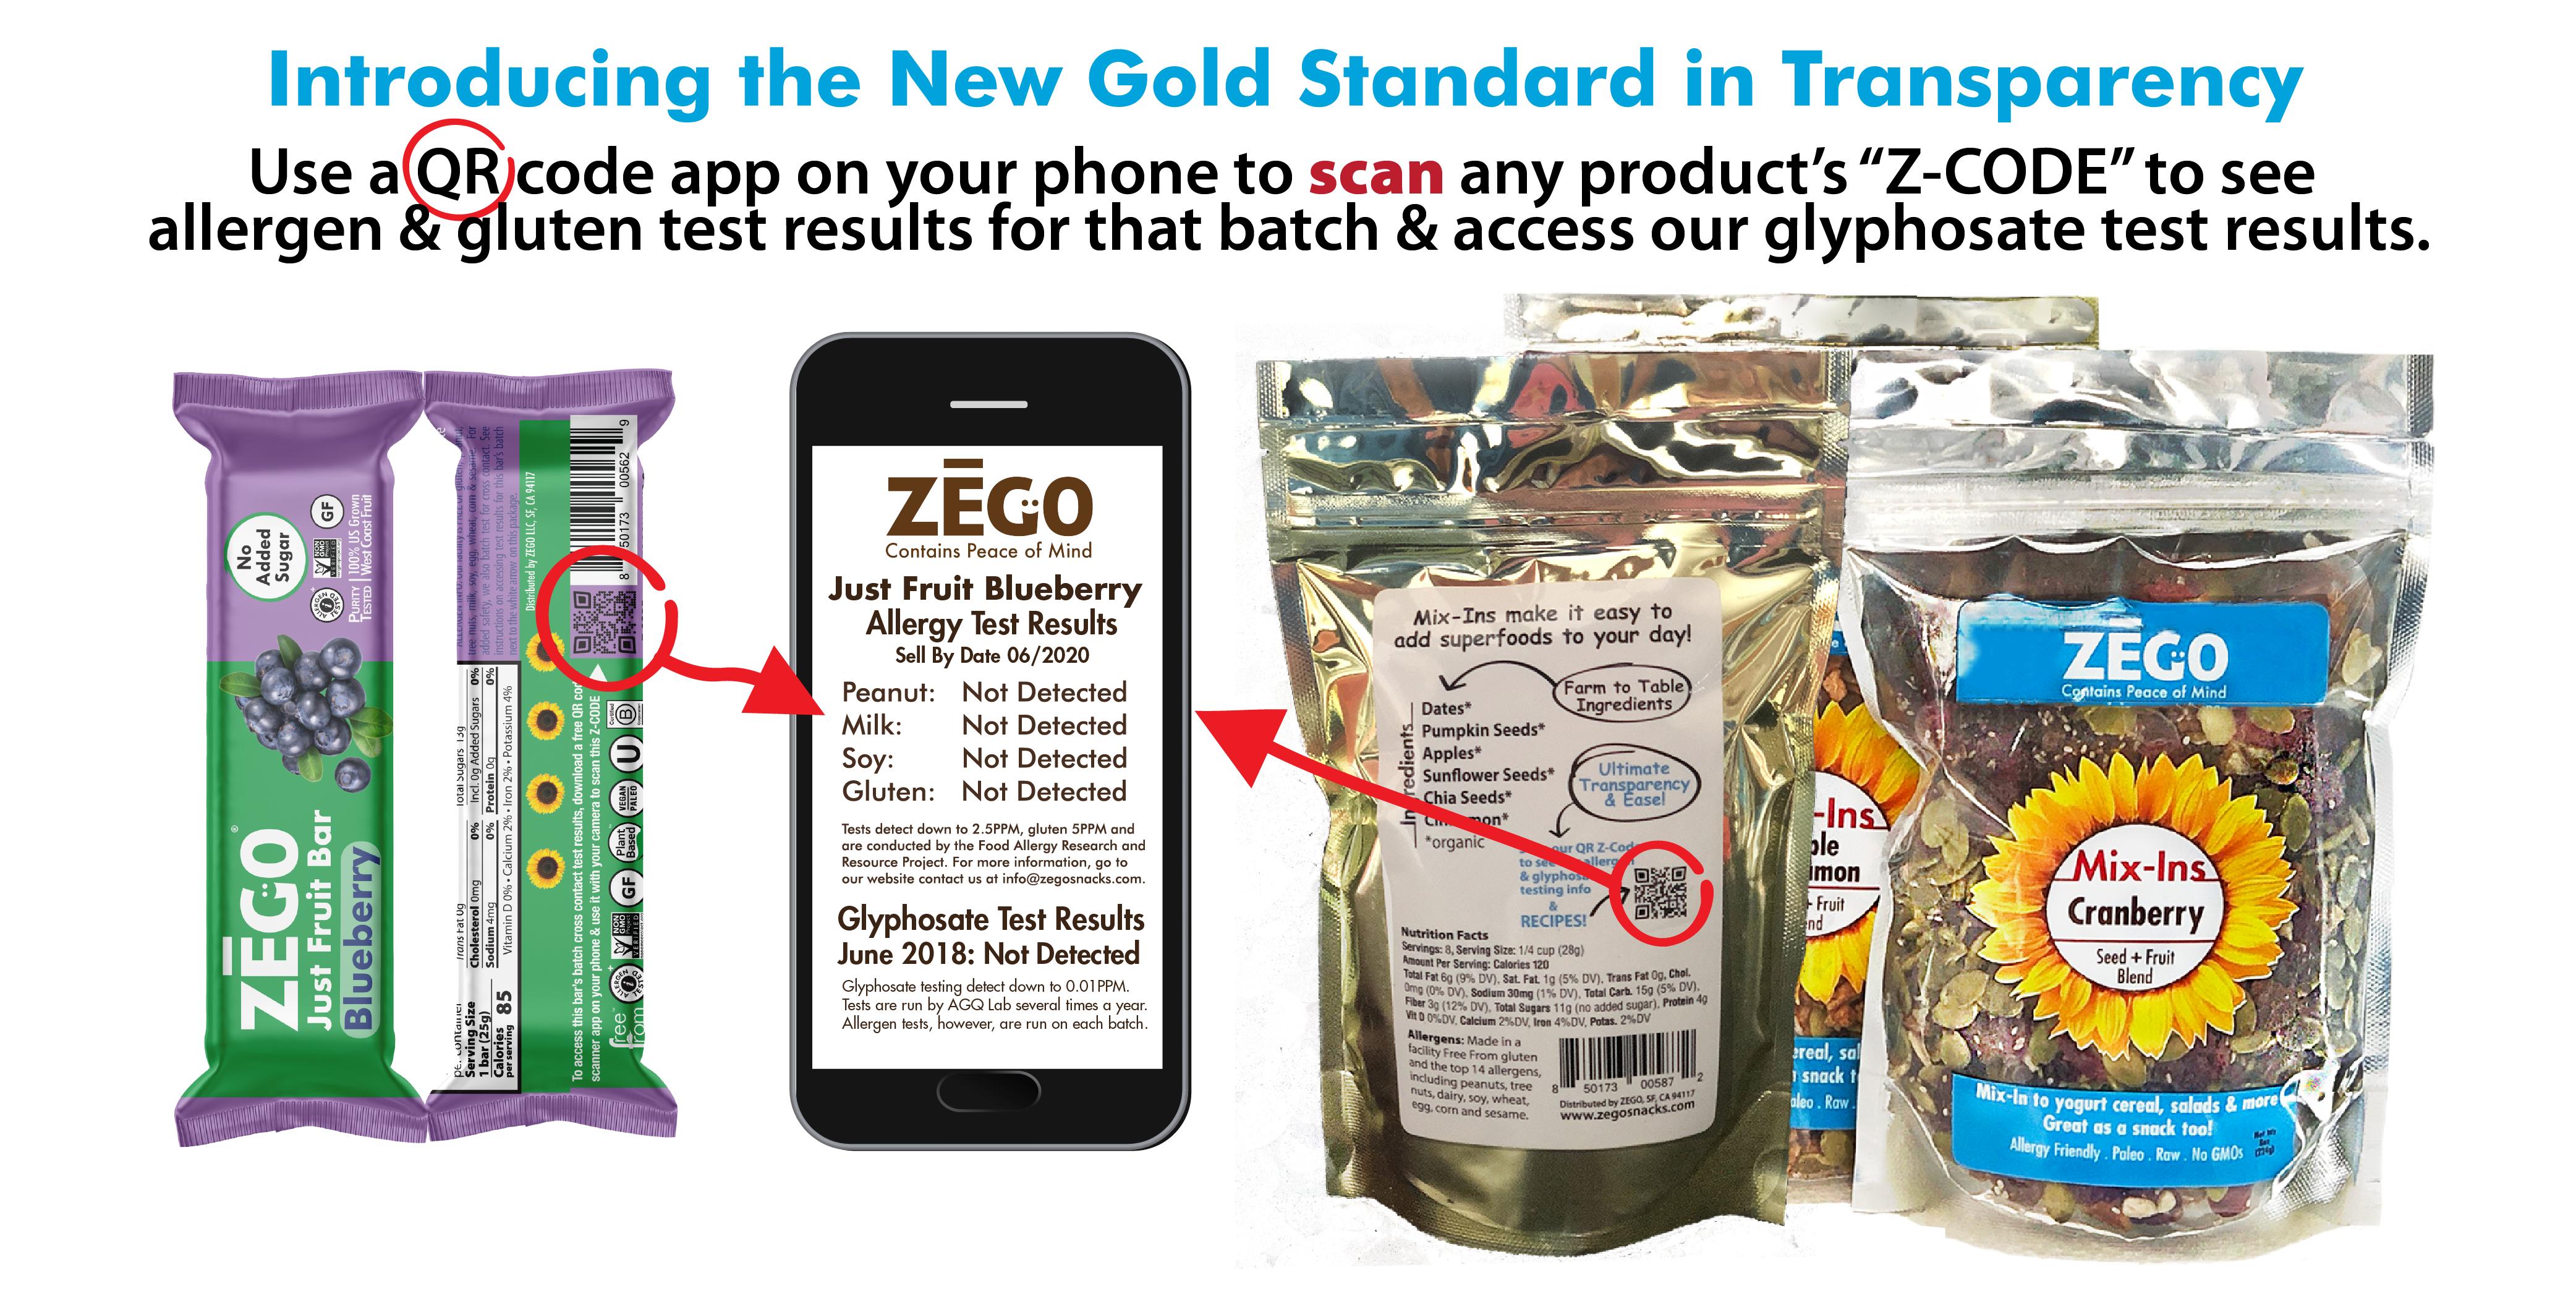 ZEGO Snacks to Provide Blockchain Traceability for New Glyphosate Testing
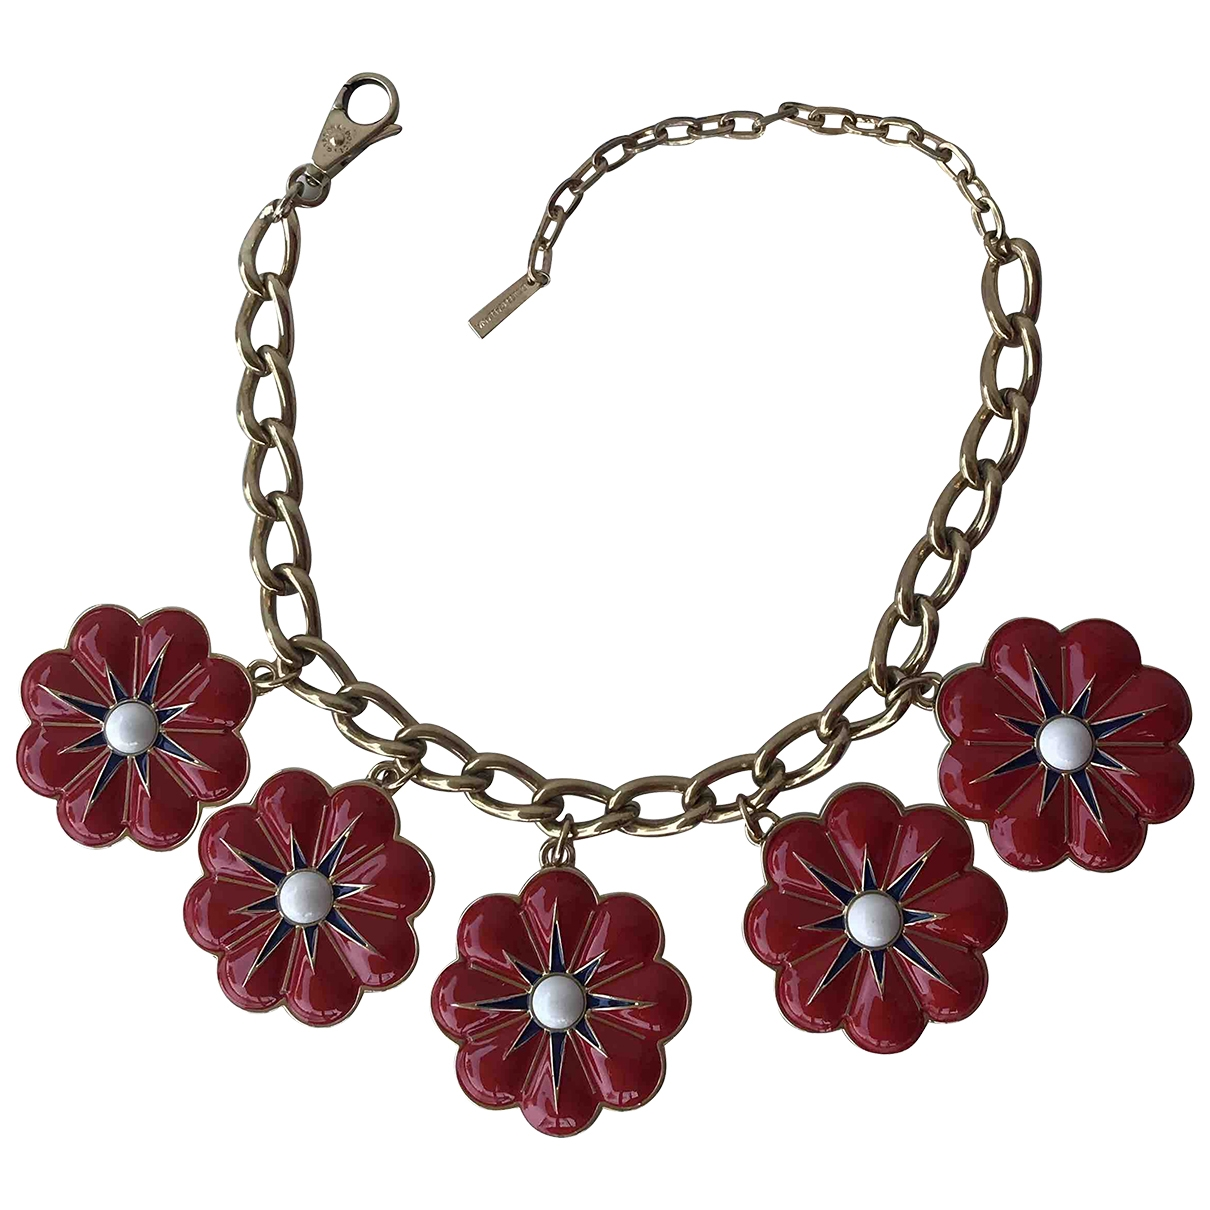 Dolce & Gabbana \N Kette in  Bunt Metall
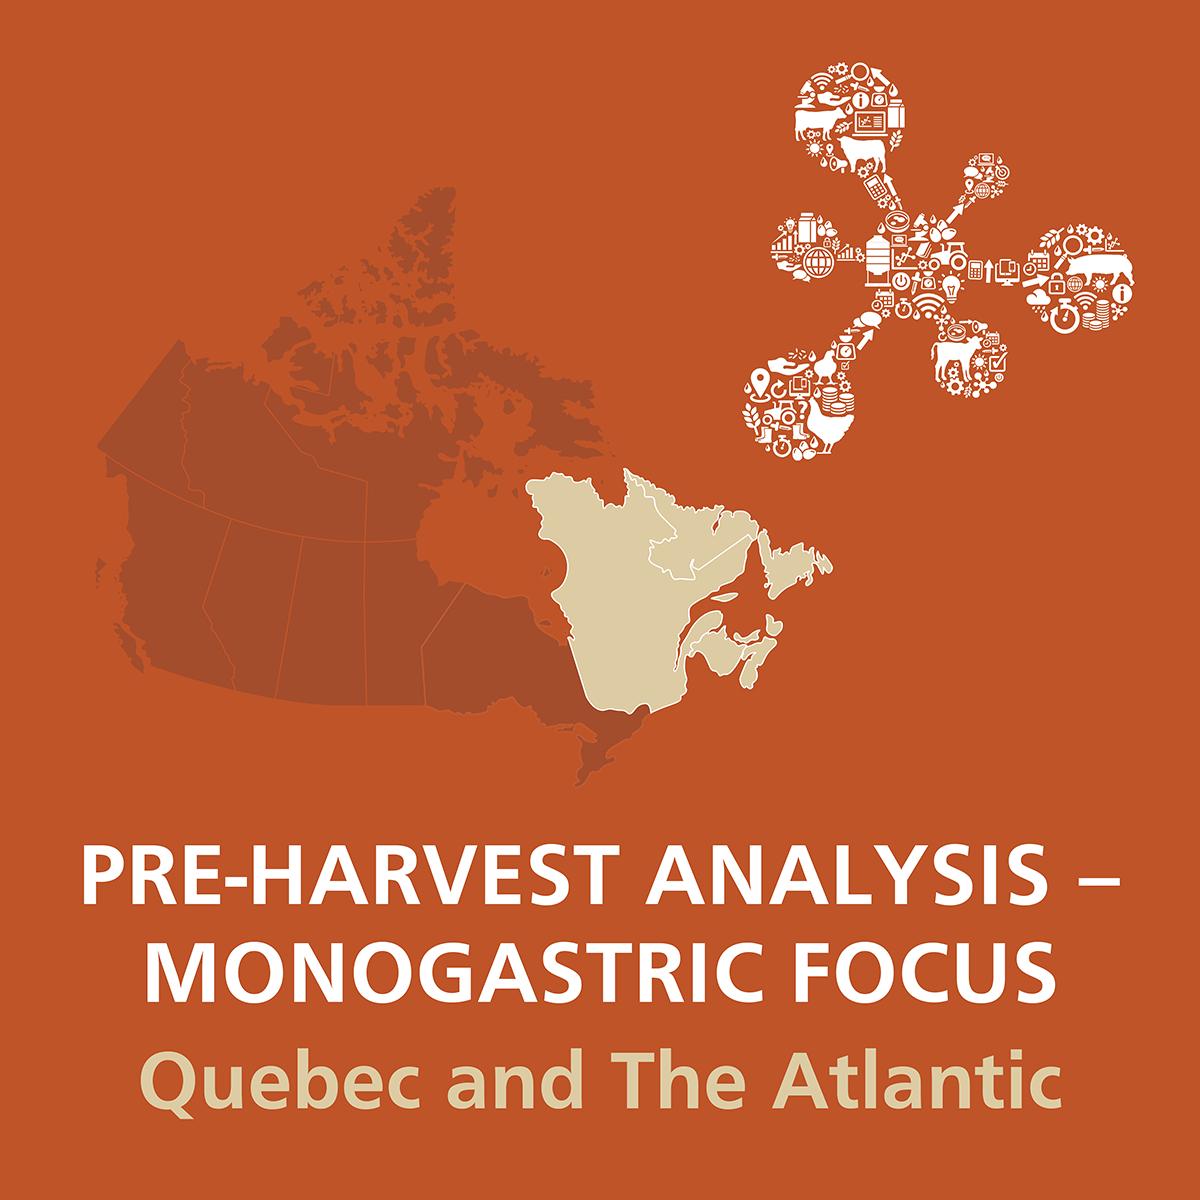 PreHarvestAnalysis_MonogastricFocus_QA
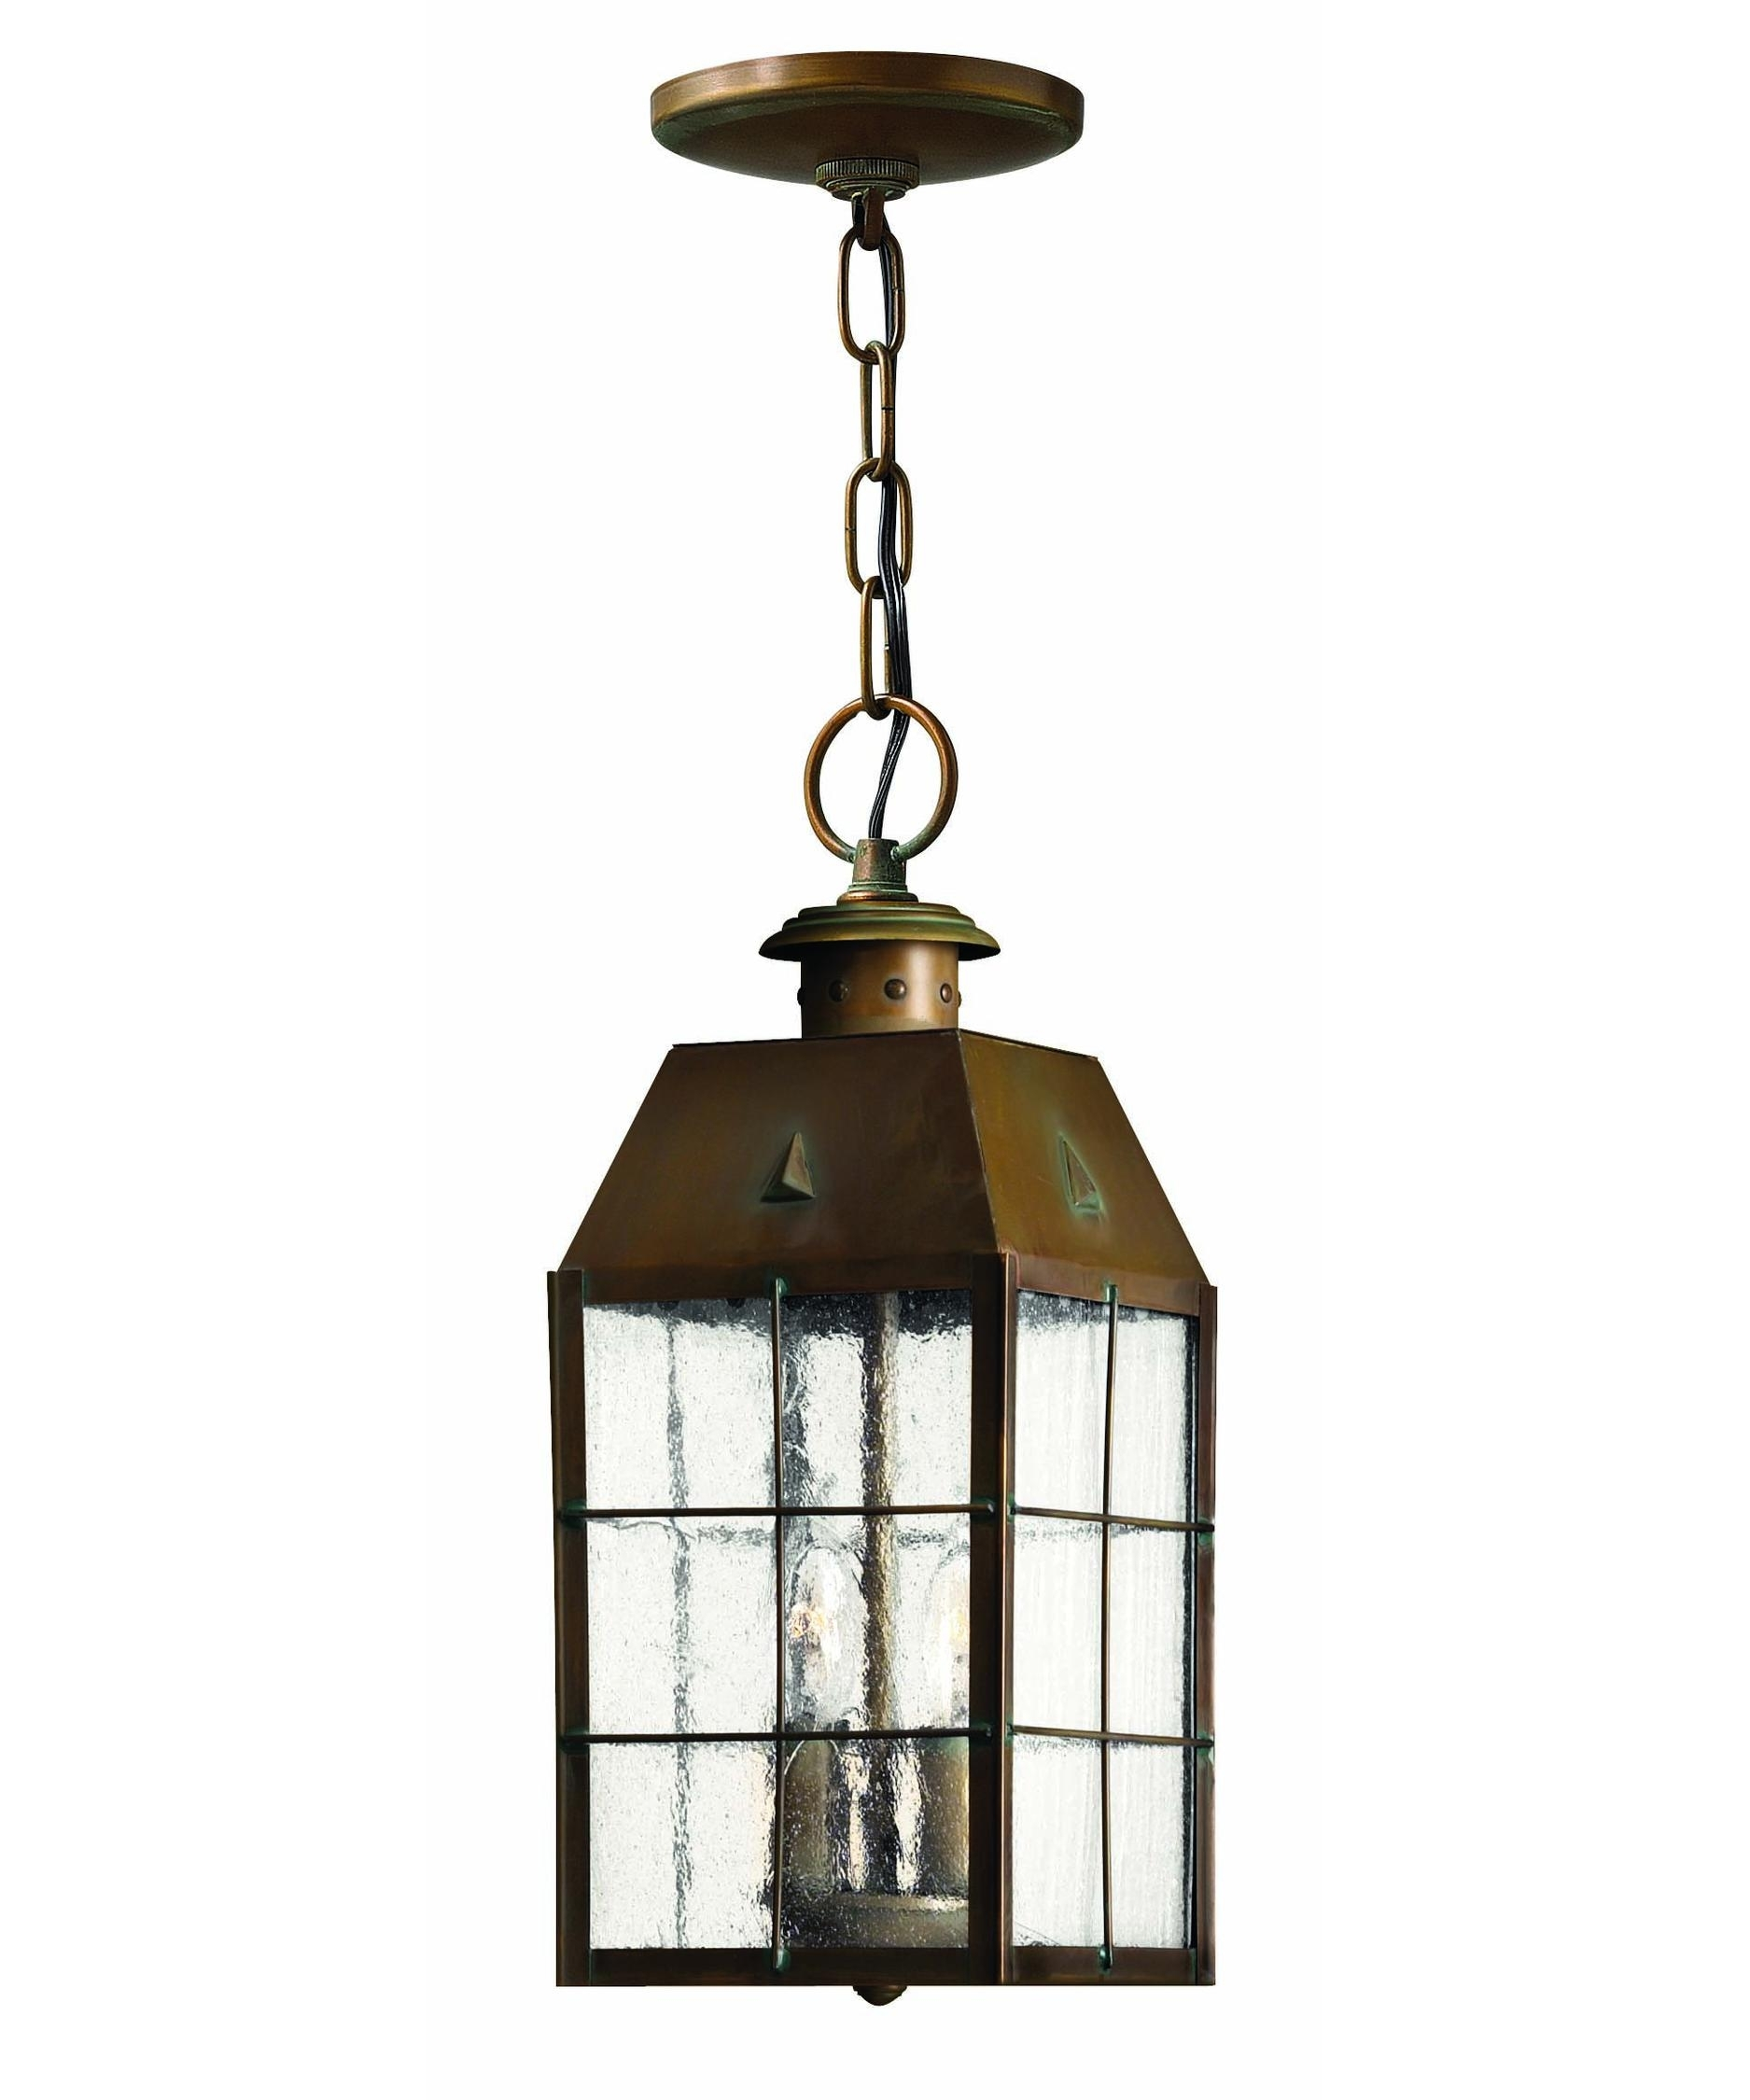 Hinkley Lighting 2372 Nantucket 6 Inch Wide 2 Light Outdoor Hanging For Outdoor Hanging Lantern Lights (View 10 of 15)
-*-
How to complete this task | Only the lines from the one containing "PreHarvestAnalysis_MonogastricFocus_QA" through the end of the listing should be output, word for word and inclusive; keep pictures out.

Solution for this problem |
 PreHarvestAnalysis_MonogastricFocus_QA
 Hinkley Lighting 2372 Nantucket 6 Inch Wide 2 Light Outdoor Hanging For Outdoor Hanging Lantern Lights (View 10 of 15)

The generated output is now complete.